Our History
Pembroke House was named after the Cambridge College attended by its founding Headmaster, Harold Turner, who established the school in 1927. The unfinished farmhouse and over 100 acres were bought from a Capt. Alan Gibson who had intended to farm flax but had run out of money.
From the outset, Turner conducted the School along the lines of a traditional British Preparatory school, a policy that has continued ever since. The records tell of an unannounced visit by HRH The Prince of Wales in 1928 during the boys’ tea time. He stopped his car on the way to Gilgil Club, climbed through the school fence and insisted on seeing the school.
Within a few years Pembroke House had earned a reputation as a successful academic and sporting school, able to compete on equal terms with the English preparatory schools upon which it was modelled.
In 1947 Harold Turner retired and sold the school to Christopher Hazard. Improved roads meant that more fixtures were possible and the sporting reputation for which Pembroke House is so well known blossomed. The teams travelled in some style, in the Hazards' 1914 Rolls-Royce tourer! Hazard introduced the carrier pigeon communication system for delivering scores home from away matches, which continued until the early 1990s, a tradition which will shortly resume!
In 1959 Hazard designed a chapel for the school and the boys built it themselves, complete with stained glass windows made from recycled bottles, and lead from car batteries and toothpaste tubes.

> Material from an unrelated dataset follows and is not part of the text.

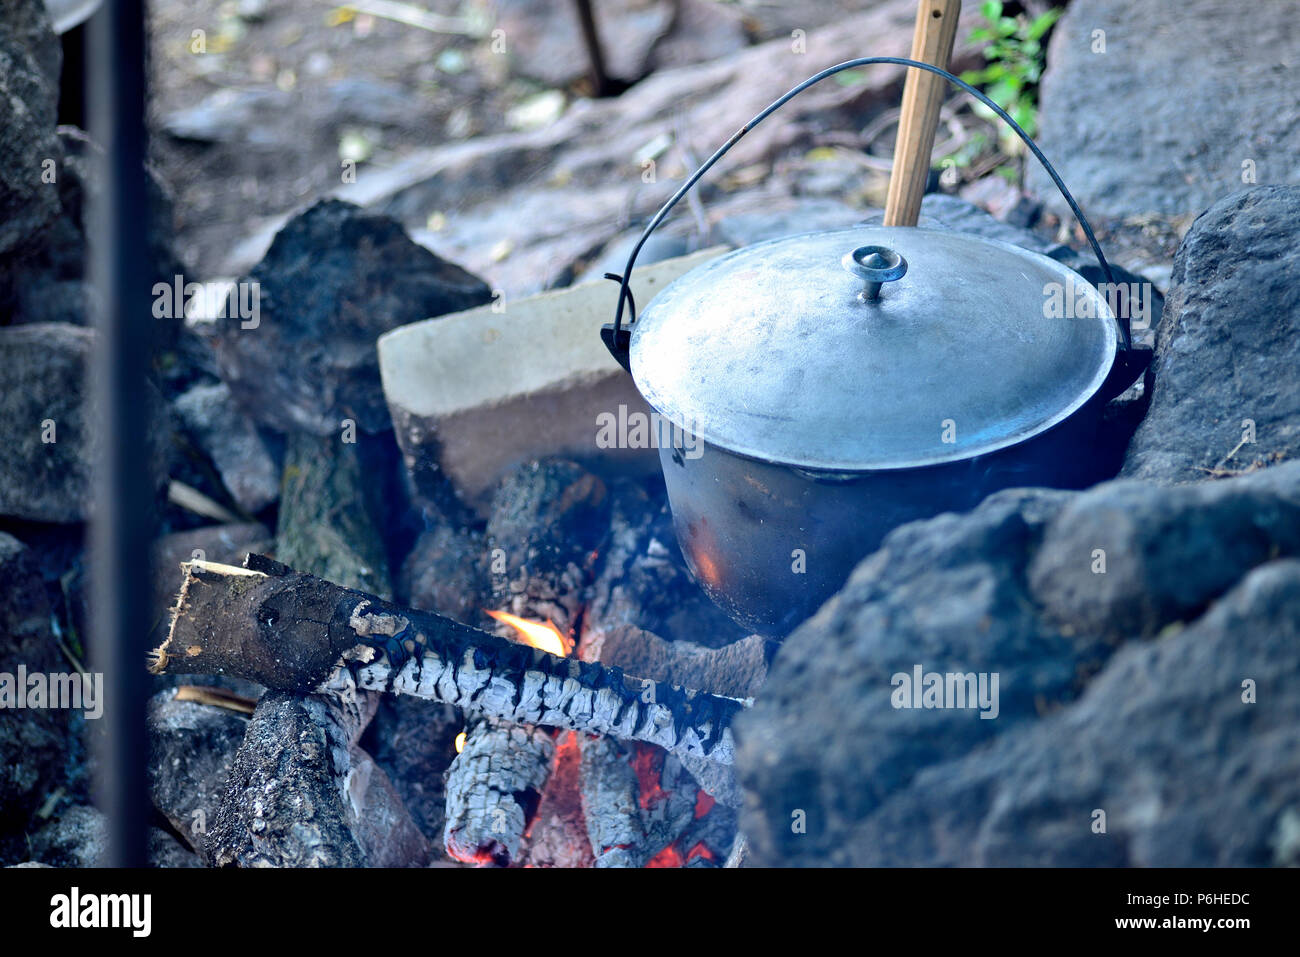 https://c8.alamy.com/comp/P6HEDC/cooking-in-a-cauldron-on-an-open-fire-preparing-food-at-the-stake-in-a-wild-camping-to-cook-dinner-in-a-pot-on-fire-to-eat-outdoors-in-the-camping-P6HEDC.jpg

Named the Christina Chapel after the Head boy's mother and completed in 1961, it is still used today.
The School has been owned by Kenya Educational Trust Limited since 1959. This body, accepted by guarantee without having a share capital, is an independent institution with all income received devoted to the management and improvement of the School. Down the years, Pembroke House has built up an excellent reputation with the independent secondary schools in Britain to which many of its pupils go, either winning scholarships or passing Common Entrance.
Hazard had hoped to run the school until 1970 but he unfortunately suffered a heart attack and had to retire in 1965. After a few difficult years for Pembroke, David Opie was employed as new Headmaster in 1970. He changed the school motto from 'Anglus in Africa' to 'Fortuna favet Fortibus' (Fortune favours the brave), which former pupils claim was appropriate to his teaching style! Meanwhile the number of boys increased to 120. Opie drowned whilst fishing on the Malewa River and Richard Foster took over, introducing the first girls in 1988. After a couple more Headmasters and on the cusp of a new decade, Pembroke now has its first Headmistress.